Domingo 22 de septiembre- (Marcos 9,30-37)
Según el relato de Marcos, hasta por tres veces insiste Jesús, camino de
Jerusalén, en el destino que le espera. Su
entrega al proyecto de Dios no terminará en el éxito triunfal que imaginan sus
discípulos. Al final habrá «resurrección», pero, aunque parezca increíble,
Jesús «será crucificado». Sus seguidores lo deben saber.
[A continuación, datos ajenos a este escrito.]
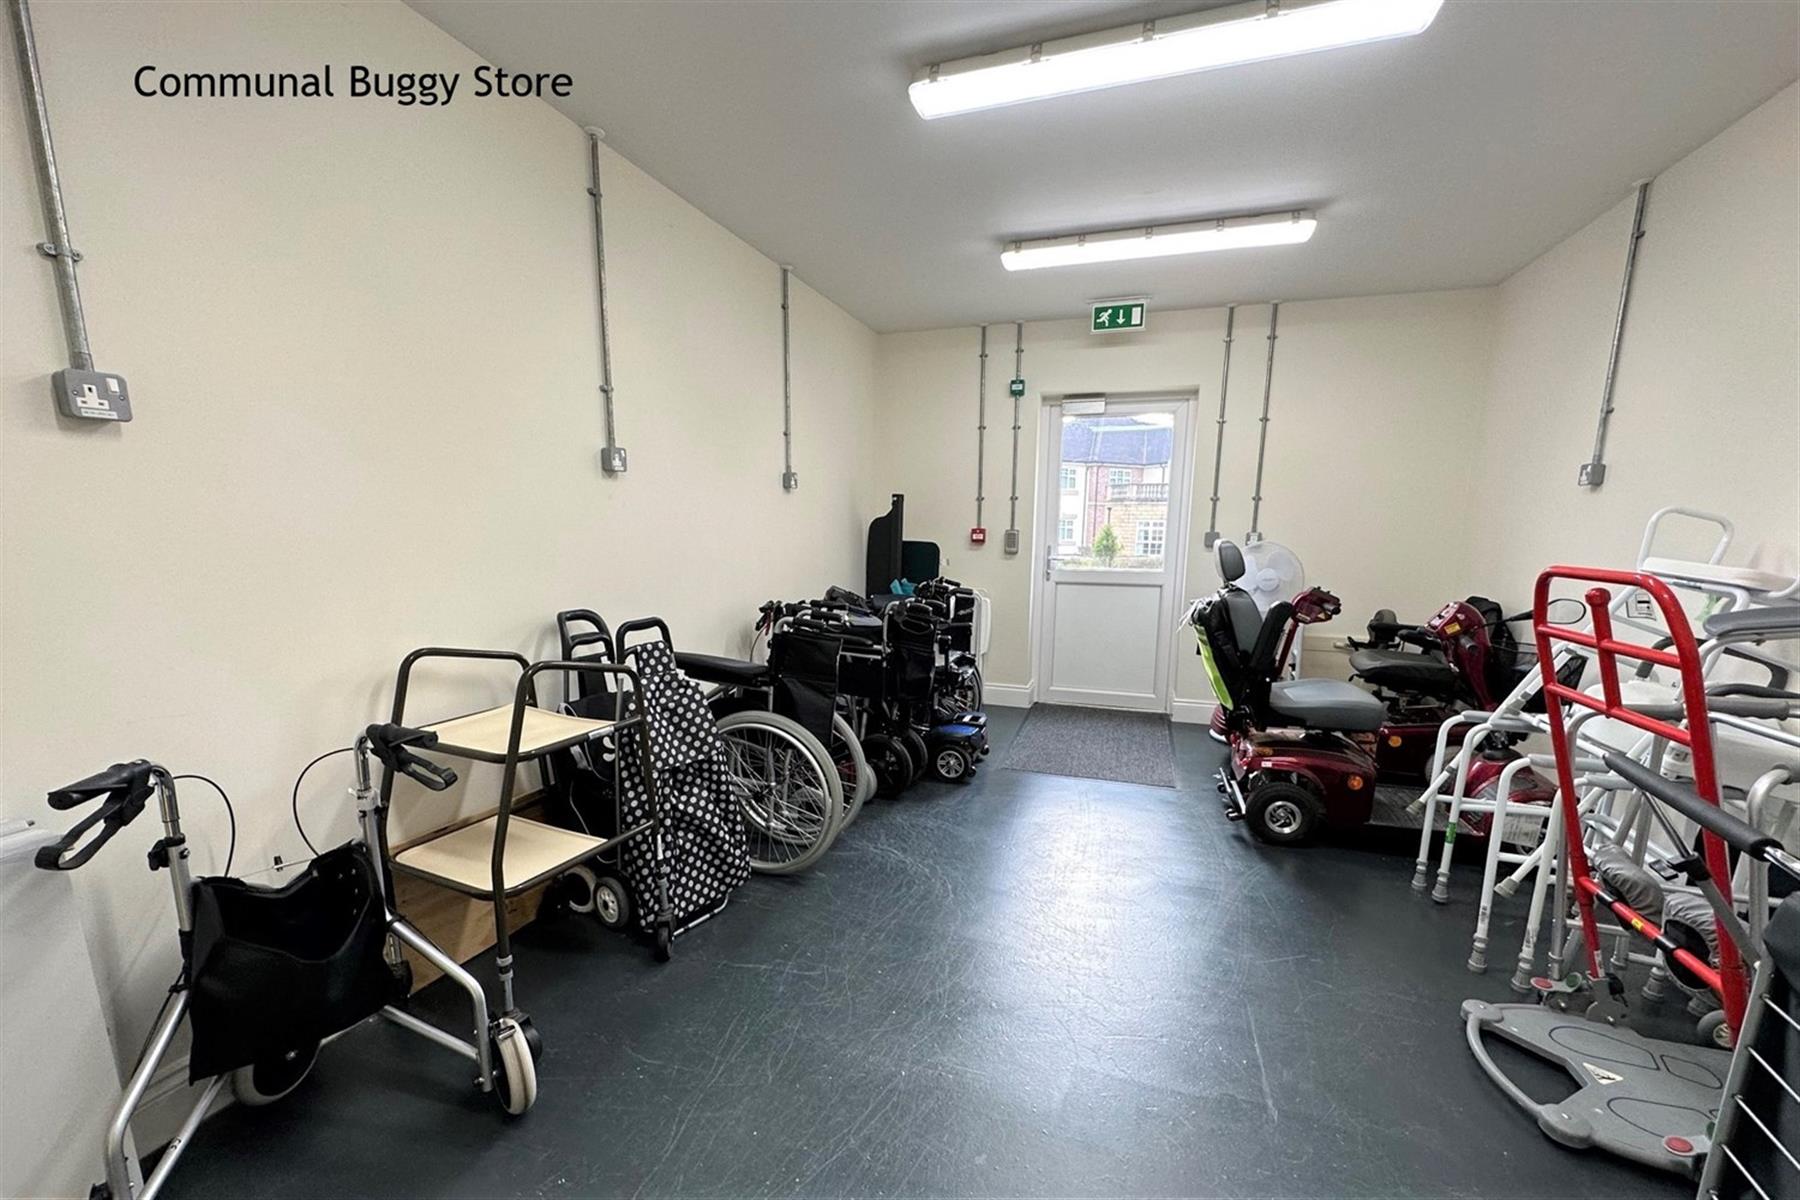 Communal Buggy Store

Sin embargo, los discípulos no le entienden. Les da miedo hasta
preguntarle. Ellos siguen pensando que Jesús les aportará
gloria, poder y honor. No piensan en otra cosa. Al llegar a su casa de
Cafarnaún, Jesús les hace una sola pregunta: «¿De qué discutíais por el
camino?», ¿de qué han hablado a sus espaldas en esa conversación en la que
Jesús ha estado ausente?
Los discípulos guardan silencio. Les da vergüenza
decirle la verdad. Mientras Jesús les habla de entrega y fidelidad, ellos están pensando en quién será el más
importante. No creen en la igualdad fraterna que busca Jesús. En
realidad, lo que les mueve es la ambición y la vanidad: ser superiores a los
demás.
De espaldas a Jesús y sin que su Espíritu esté
presente, ¿no seguimos
discutiendo de cosas parecidas?
Ante el silencio de sus discípulos, Jesús se sienta y
los llama. Tiene gran interés en ser escuchado. Lo que va a decir no ha de ser
olvidado: «Quien quiera ser el primero, que sea el último de todos y el
servidor de todos». En su movimiento no hay que mirar tanto a los que ocupan
los primeros puestos y tienen renombre, títulos y honores. Importantes son los
que, sin pensar mucho en su prestigio o reputación personal, se dedican sin
ambiciones y con total libertad a servir, colaborar y contribuir al proyecto de
Jesús. No lo hemos de olvidar: lo
importante no es quedar bien, sino hacer el bien siguiendo a Jesús.